Her conclusion reframes the entire logic of media buying: "Media buying today is no longer about a few big bets on macro creators. It's about orchestrating a network of micro voices, moving from influence as scale to influence as depth. Simply put, it's not about being seen by everyone anymore, but about being believed by the right ones."
Read On: Unilever’s big bet: 300,000 creators and a new marketing reality
New Formats: Students, Dramas, and the Death of the Obvious Ad
The creative playbook is changing just as fast as the budget one. Audiences are developing sharper radar for sponsored content, and the formats that are breaking through are the ones that do not look like ads at all.

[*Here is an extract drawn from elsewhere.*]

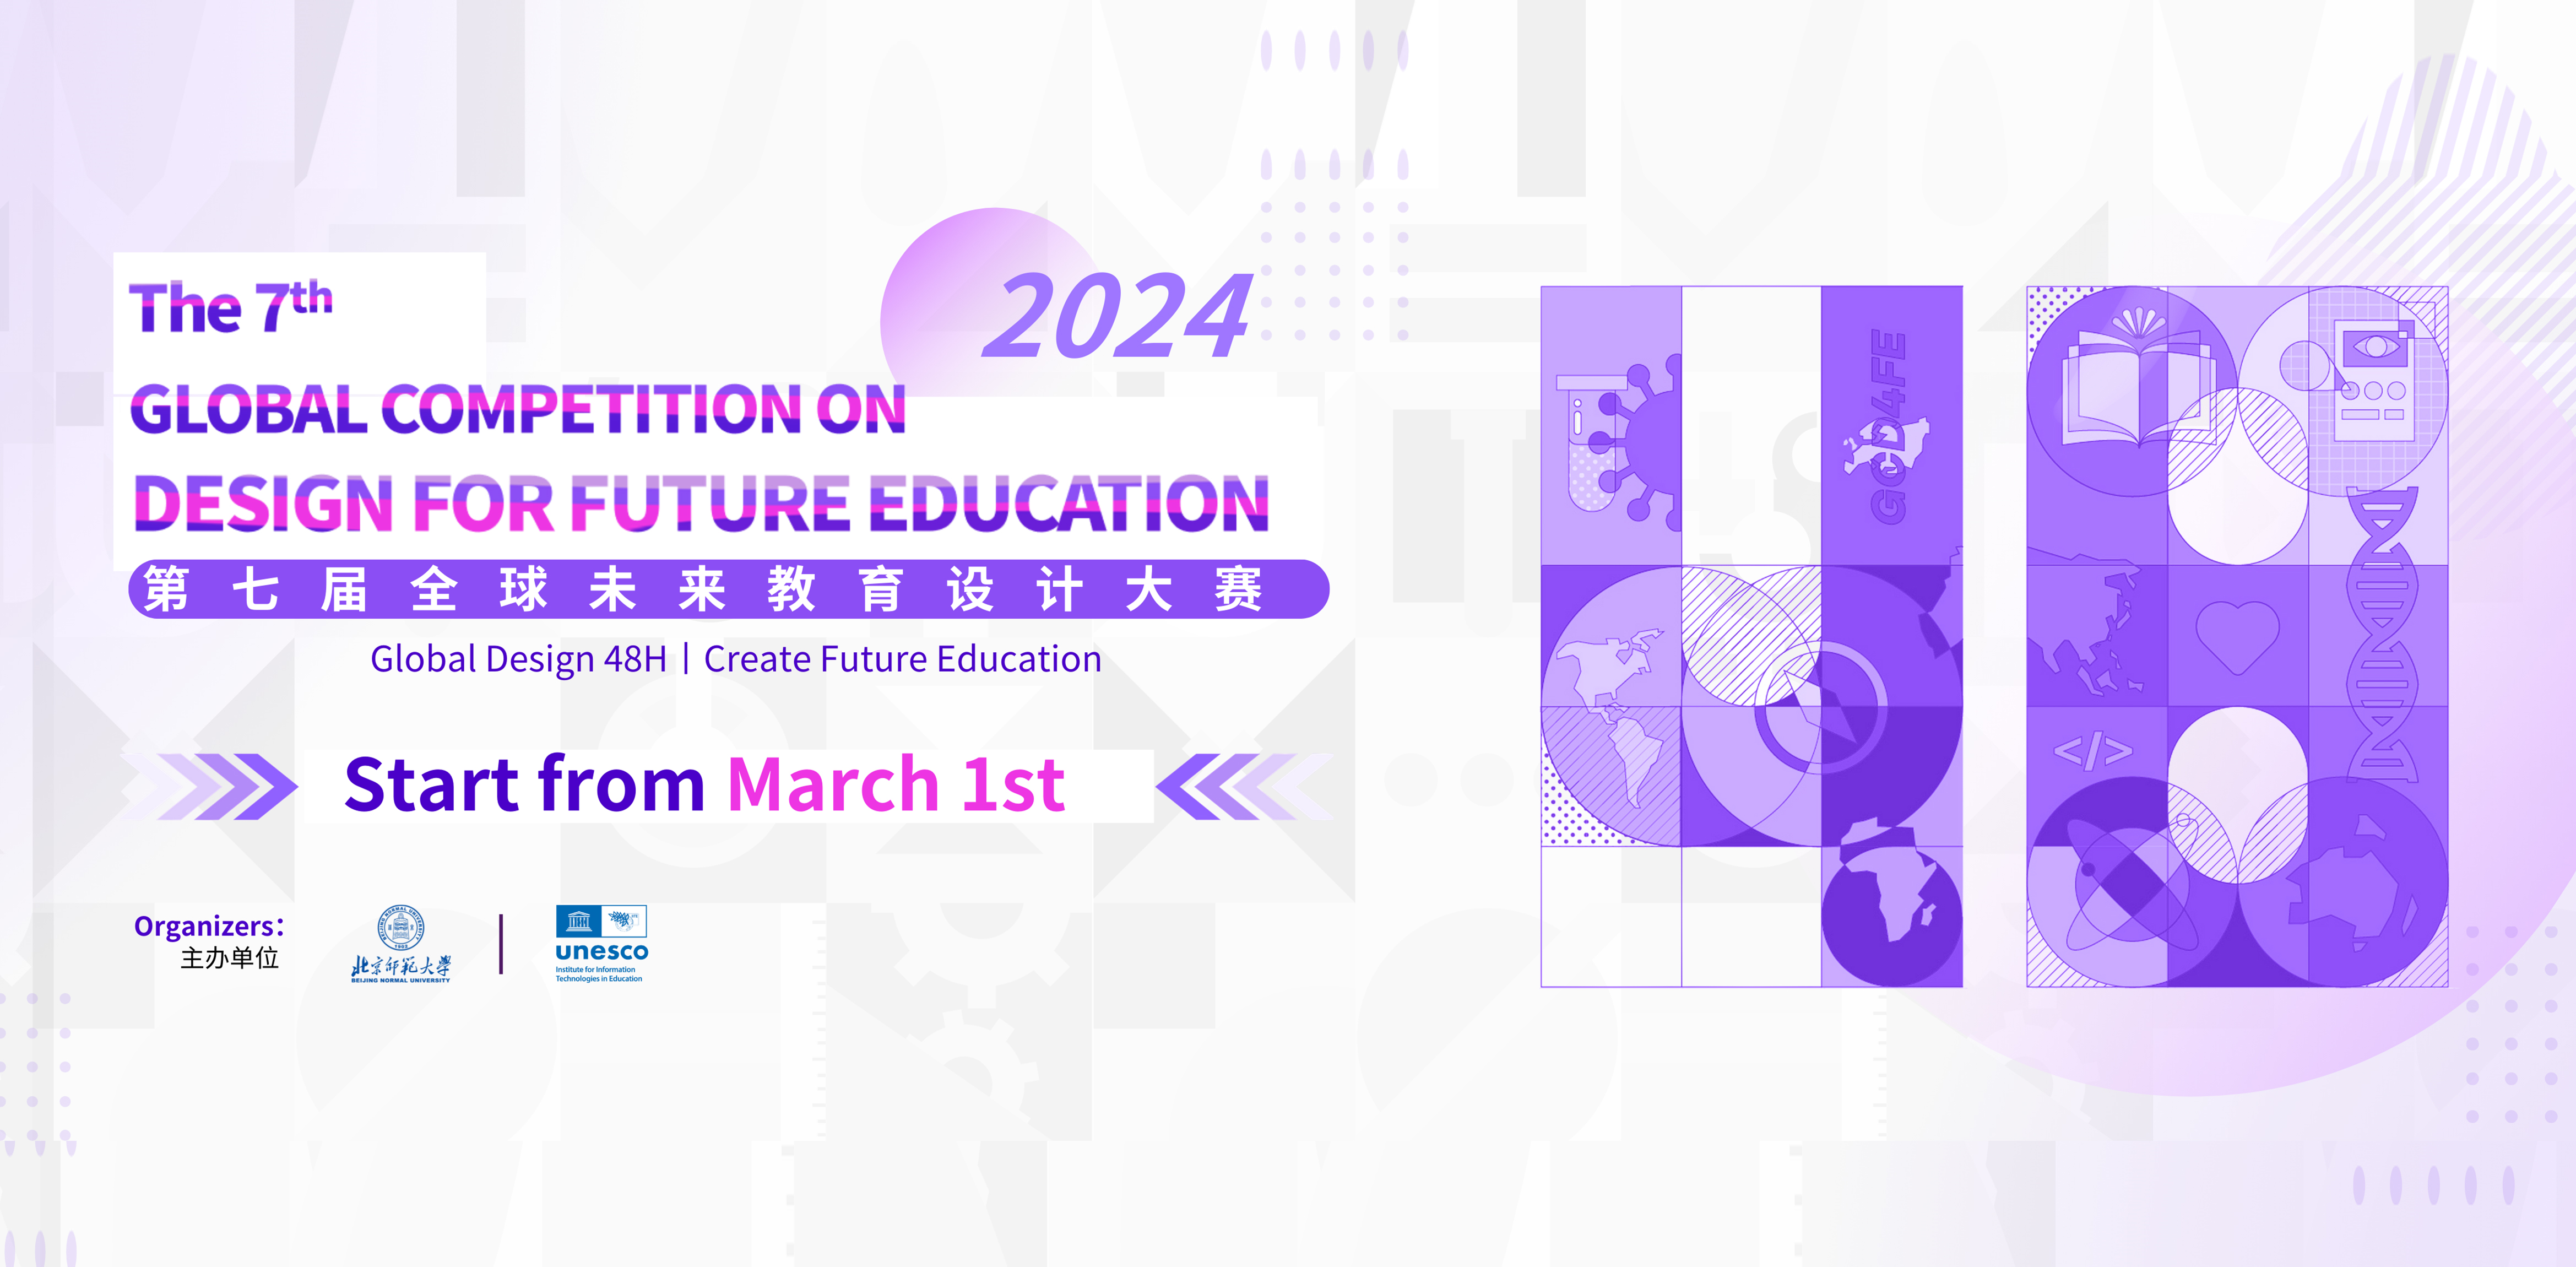 Ready for Registration? The 7th Global Competition on Design for Future Education is coming!

Wadhwa points to an accelerating fatigue with conventional influencer content. "As soon as audiences see a typical influencer face, they immediately identify it as an ad. That is why student-generated content is becoming effective for Gen Z brands. It is simply a more systemised version of the old college ambassador model. Brands are increasingly collaborating with students for hostel-based campaigns, campus storytelling and peer-led recommendations because it feels more authentic," he said.
Attention economics is also reshaping the formats brands invest in. "People are spending one-and-a-half to two hours scrolling daily. After a point, audiences want some form of story or intellectual engagement while consuming content, which is why micro dramas are working. But if a brand is only using storytelling as an algorithm hook, eventually it will have to return to its core positioning," Wadhwa added.

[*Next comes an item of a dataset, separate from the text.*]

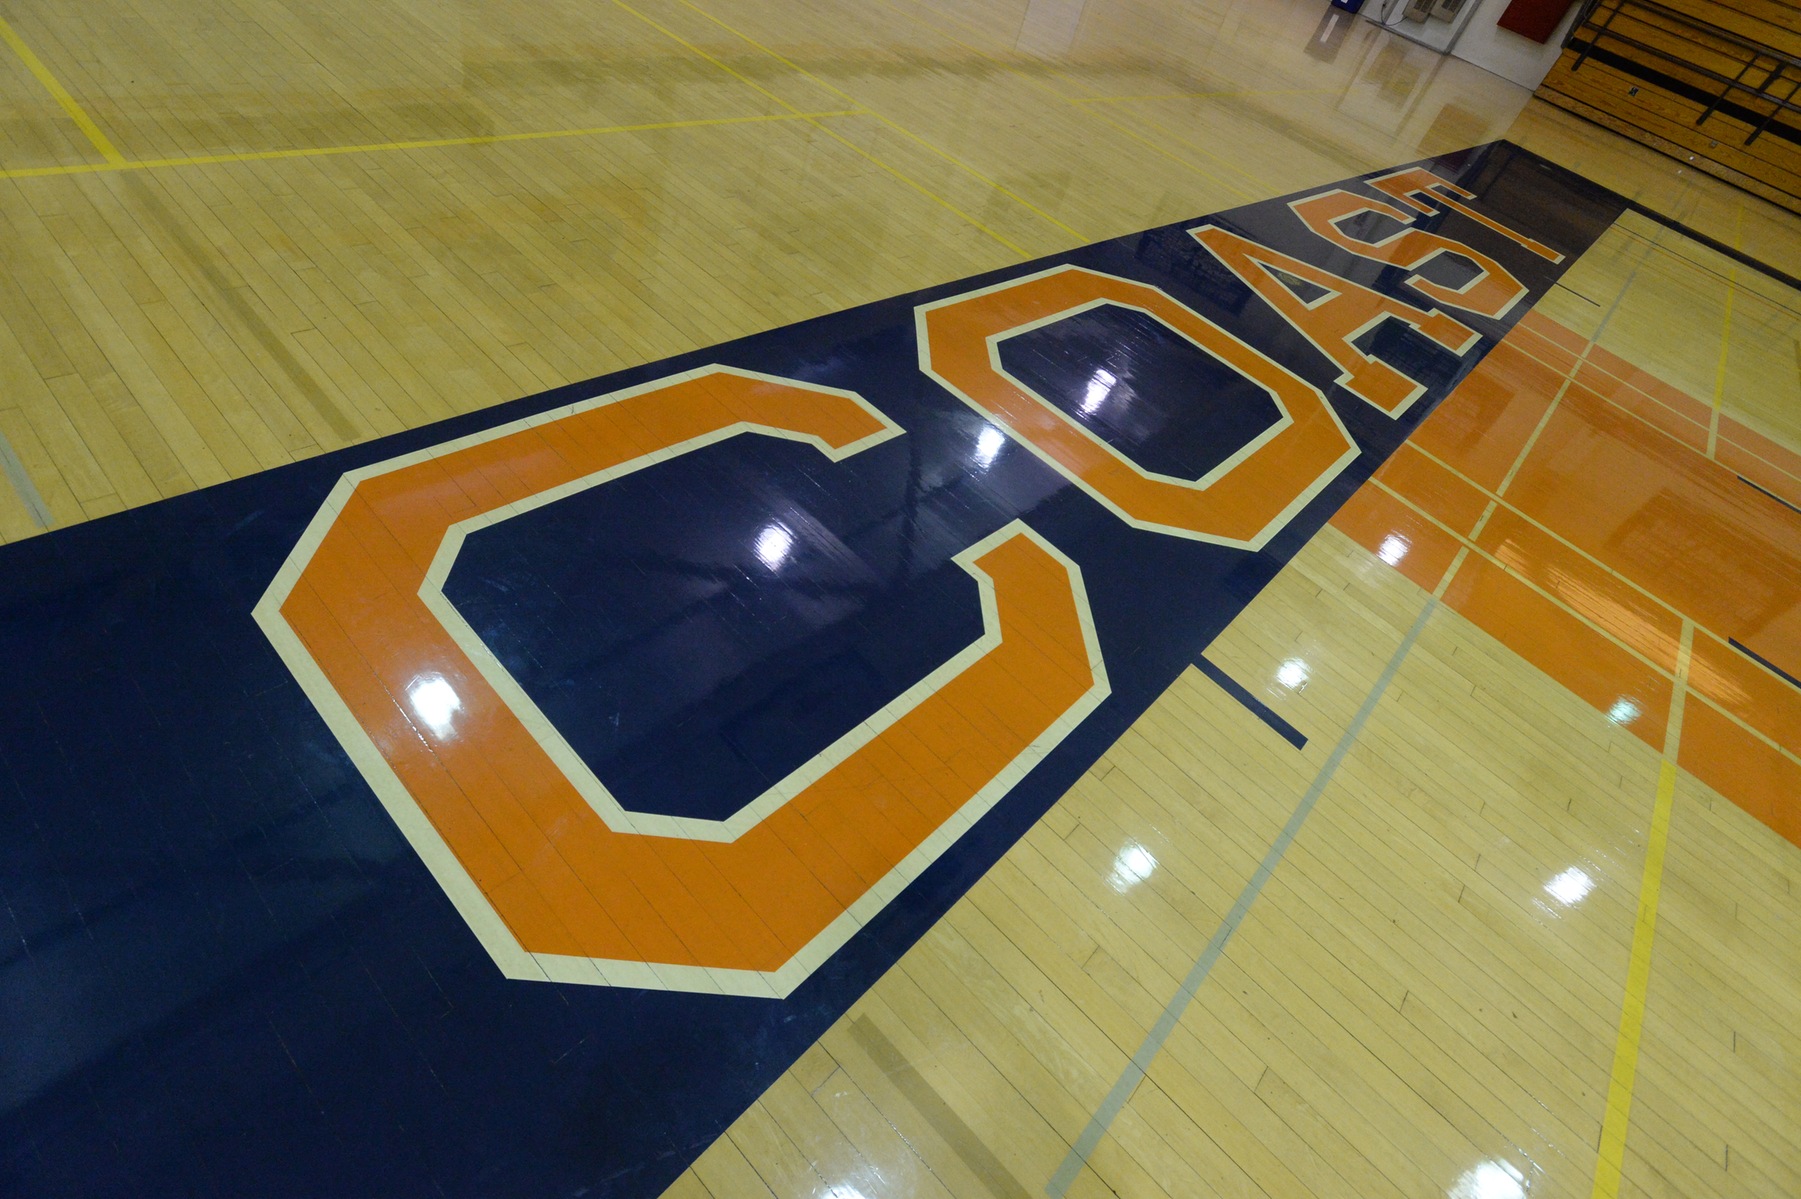 W-Basketball game cancelled for Friday; Men's game rescheduled for 5 p.m.

The influencer marketing industry in 2026 is not the same as it was two years ago. Follower counts no longer carry the same weight as a measure of influence. Programmatic creator buying is now operational, and shoppable content is shortening the path from discovery to purchase. Brands that once focused mainly on reach are now re-evaluating what that reach delivered, with greater attention on trust, relevance, and measurable outcomes.
In this shift, influence is being measured less by scale alone and more by how effectively it drives real attention and action.